::: The input :::

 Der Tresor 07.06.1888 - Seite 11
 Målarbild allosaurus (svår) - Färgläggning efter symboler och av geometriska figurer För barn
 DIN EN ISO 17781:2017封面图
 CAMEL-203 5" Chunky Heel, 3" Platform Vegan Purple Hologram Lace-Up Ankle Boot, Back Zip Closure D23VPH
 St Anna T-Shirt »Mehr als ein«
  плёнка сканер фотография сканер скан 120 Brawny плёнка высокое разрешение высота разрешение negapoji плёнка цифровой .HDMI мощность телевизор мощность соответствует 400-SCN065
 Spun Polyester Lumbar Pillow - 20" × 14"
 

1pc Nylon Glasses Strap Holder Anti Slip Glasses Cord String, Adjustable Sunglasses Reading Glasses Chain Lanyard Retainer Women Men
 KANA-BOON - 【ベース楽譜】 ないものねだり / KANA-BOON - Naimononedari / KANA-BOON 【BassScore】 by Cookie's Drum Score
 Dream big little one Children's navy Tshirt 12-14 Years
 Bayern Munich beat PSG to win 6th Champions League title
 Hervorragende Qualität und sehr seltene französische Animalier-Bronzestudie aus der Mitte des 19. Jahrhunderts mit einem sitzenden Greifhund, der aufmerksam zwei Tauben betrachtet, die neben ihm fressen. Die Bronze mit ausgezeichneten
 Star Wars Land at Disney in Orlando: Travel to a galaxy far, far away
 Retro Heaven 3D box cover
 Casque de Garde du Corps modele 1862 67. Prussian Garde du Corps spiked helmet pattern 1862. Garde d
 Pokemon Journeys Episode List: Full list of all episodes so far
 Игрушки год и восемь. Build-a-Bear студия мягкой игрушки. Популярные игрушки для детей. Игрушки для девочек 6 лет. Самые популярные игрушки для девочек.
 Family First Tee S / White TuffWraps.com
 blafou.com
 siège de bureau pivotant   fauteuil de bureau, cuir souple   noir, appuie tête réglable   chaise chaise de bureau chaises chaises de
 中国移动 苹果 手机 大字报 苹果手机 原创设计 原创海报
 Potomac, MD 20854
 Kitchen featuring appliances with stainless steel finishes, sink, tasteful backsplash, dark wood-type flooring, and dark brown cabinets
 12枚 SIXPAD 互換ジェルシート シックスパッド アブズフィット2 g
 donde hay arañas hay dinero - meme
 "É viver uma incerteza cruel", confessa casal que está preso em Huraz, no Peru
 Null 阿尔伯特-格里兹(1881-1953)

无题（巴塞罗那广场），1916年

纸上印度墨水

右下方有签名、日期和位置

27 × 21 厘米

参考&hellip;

:::

Task instructions: In the data above, start at the line that has "плёнка сканер фотография", stop after the line that has "KANA-BOON - 【ベース楽譜】", and print every line in between exactly as it stands.

Answer box:
  плёнка сканер фотография сканер скан 120 Brawny плёнка высокое разрешение высота разрешение negapoji плёнка цифровой .HDMI мощность телевизор мощность соответствует 400-SCN065
 Spun Polyester Lumbar Pillow - 20" × 14"
 

1pc Nylon Glasses Strap Holder Anti Slip Glasses Cord String, Adjustable Sunglasses Reading Glasses Chain Lanyard Retainer Women Men
 KANA-BOON - 【ベース楽譜】 ないものねだり / KANA-BOON - Naimononedari / KANA-BOON 【BassScore】 by Cookie's Drum Score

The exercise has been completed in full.